Over the past few years, the concept of income inequality has come up frequently in the news. I recently attended a conference in which this the topic of conversation.
Why Do We Care?
At the heart of this conversation is a basic question: why do we care about income inequality at all? In other words, is having a flatter income distribution in-and-of itself a social goal?
To some, the very fact that one person has more than another is repulsive. Being raised with the ethic of being rewarded with the just desserts of one’s labor, and knowing that people make different choices with different consequences, I cannot, in good conscience agree that one person owning more than another is inherently bad. Some people have preferences for leisure time, while others have preferences to work and spend more money in less time or to buy things rather than buy time. Having such preferences will then lead us to have differences in behavior and some outcomes. In addition, if there are no rewards for hard work, innovation, and advancement of the individual above the levels given to those for less work, society as a whole tends to take a downward turn. Some inequality is not only necessary, but is good.

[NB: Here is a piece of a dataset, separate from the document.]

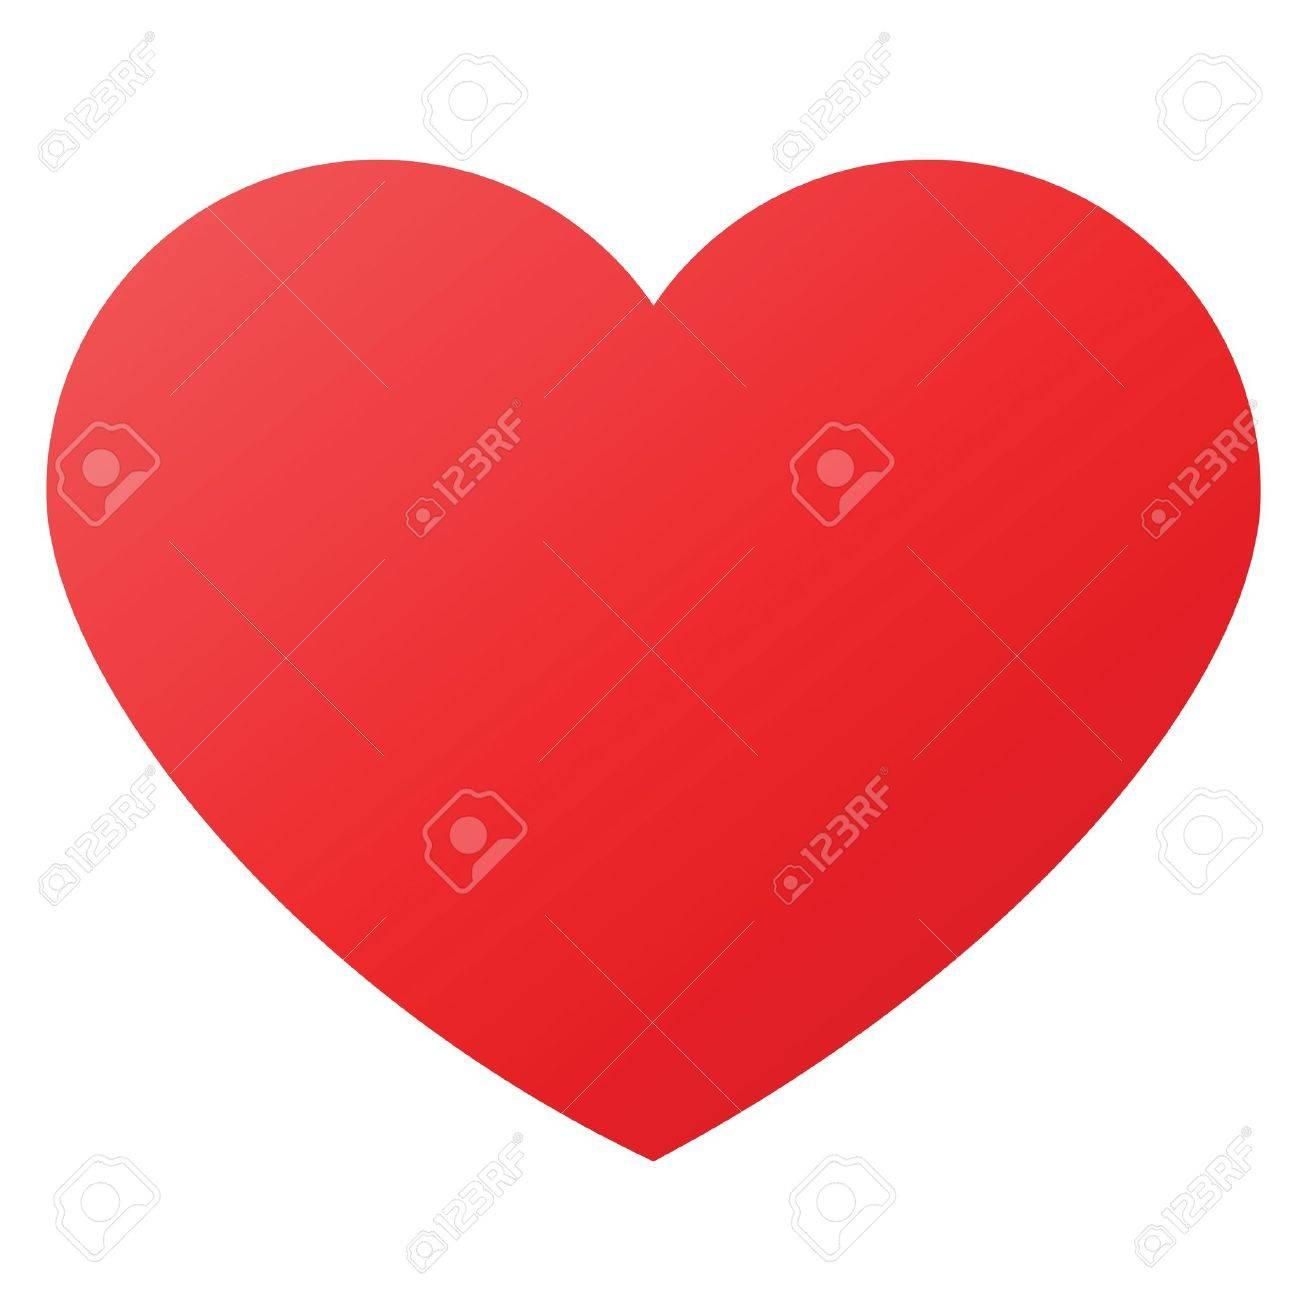 Heart shape design for love symbols royalty free cliparts vectors heart shape design for love symbols stock vector 11823444 buycottarizona Gallery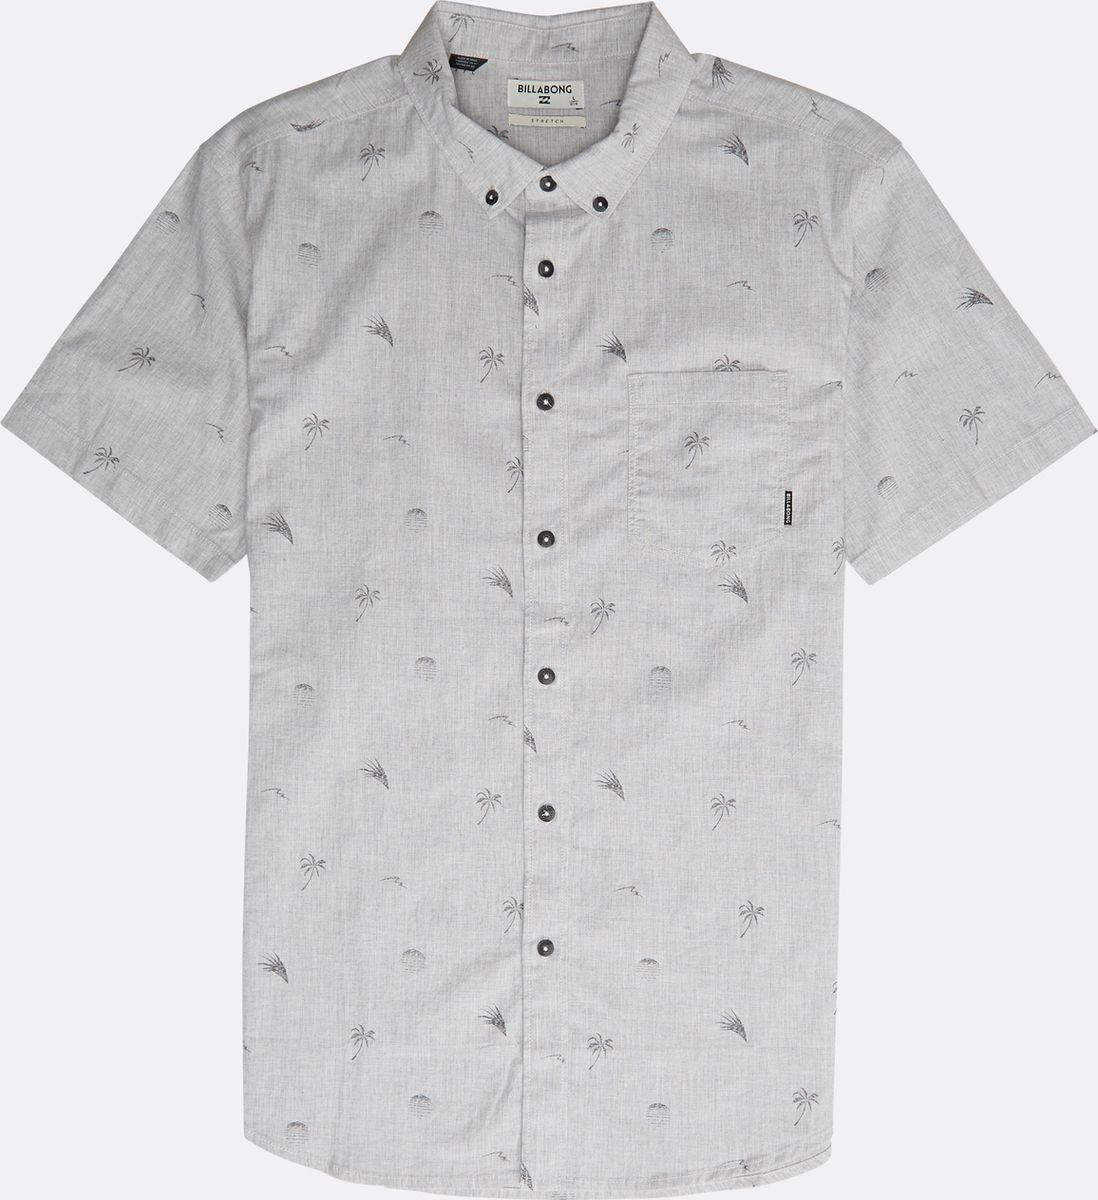 Рубашка Billabong Sundays Mini Ss рубашка billabong faded shirt light steel

To me, the central reason we care about income inequality is twofold:
1) We worry that inequality indicates losing people at the bottom to poverty and could have negative effects on social cohesion;
2) We worry that as the gap between rich and poor grows, the poor have fewer opportunities to advance.
These are legitimate concerns.
Other than the Gini coefficient, how is the US doing with the core reasons we care about income inequality? That depends on how you want to measure it.
Part 1: How We Measure “The Bottom”
For all intents and purposes, the poor in America feel stuck. Policy prescriptions such as raising the minimum wage and increases in Earned Income Tax Credits (EITC) have been proposed, but would likely not eliminate racial gaps in achievement. The minimum wage, in particular, is a blunt instrument that may have adverse employment effects if done too abruptly. Most social scientists agree that more fundamental changes are needed.
Education reform has always been on the docket. Given the political will and enough instruments like well-funded charter schools and community investment, the racial achievement gap can close, even in places with less than ideal family backgrounds. Closing such a gap can help alleviate the college graduation gap, the burden of student loans, and the psychological weight of debt and living paycheck to paycheck.
But other than the longstanding problems faced by the long-term poor is the question of who we actually consider poor.
If we compare the incomes of recent college graduates to people in their mid-forties, you will obviously be left wondering how we abandoned all these young people. Incomes are low (or even $0 if they have internships) at the moment, but lifetime incomes may be high. Someone moving up from a low-skill job at a call center to a supervisory position may be making much more net of debt than someone with an undergraduate degree in theater or the history of Greco-Roman Fingerpainting. And someone on the cusp of retirement may be living on less than $12/hour at a part time job, but they have $500,000 in equity in a home they plan to sell.
Which one of these do we consider “poor?”
Then there is the question of how to account for income.
Most measures try to account for after-tax and after-transfer income (that is, how much do people have after getting EITC, Medicare, Medicaid, etc).
But consider this question: how much of a worker’s prospective paycheck pays for fringe benefits such as health insurance, with its increasing costs? If we included that measure, how would their overall income look? Employers paying upwards of 75% of health insurance premiums sums to thousands of dollars per year in unaccounted pay. Yet most measures do not include these as income for comparison.
How do we take into account volatility in income? 50% of Americans see changes of greater than 25% of their income year over year.
For which year are we accounting their status? Or do we choose the mean over their lifetime, or over a 5 year period?
The picture of the bottom part of the income distribution is complicated and should not be simplified to a soundbite or uncritical comparison to somewhere like Sweden, Finland, or Brazil. These issues may be hinted at by a measure of income inequality, but they certainly are not defined by or fixed with it.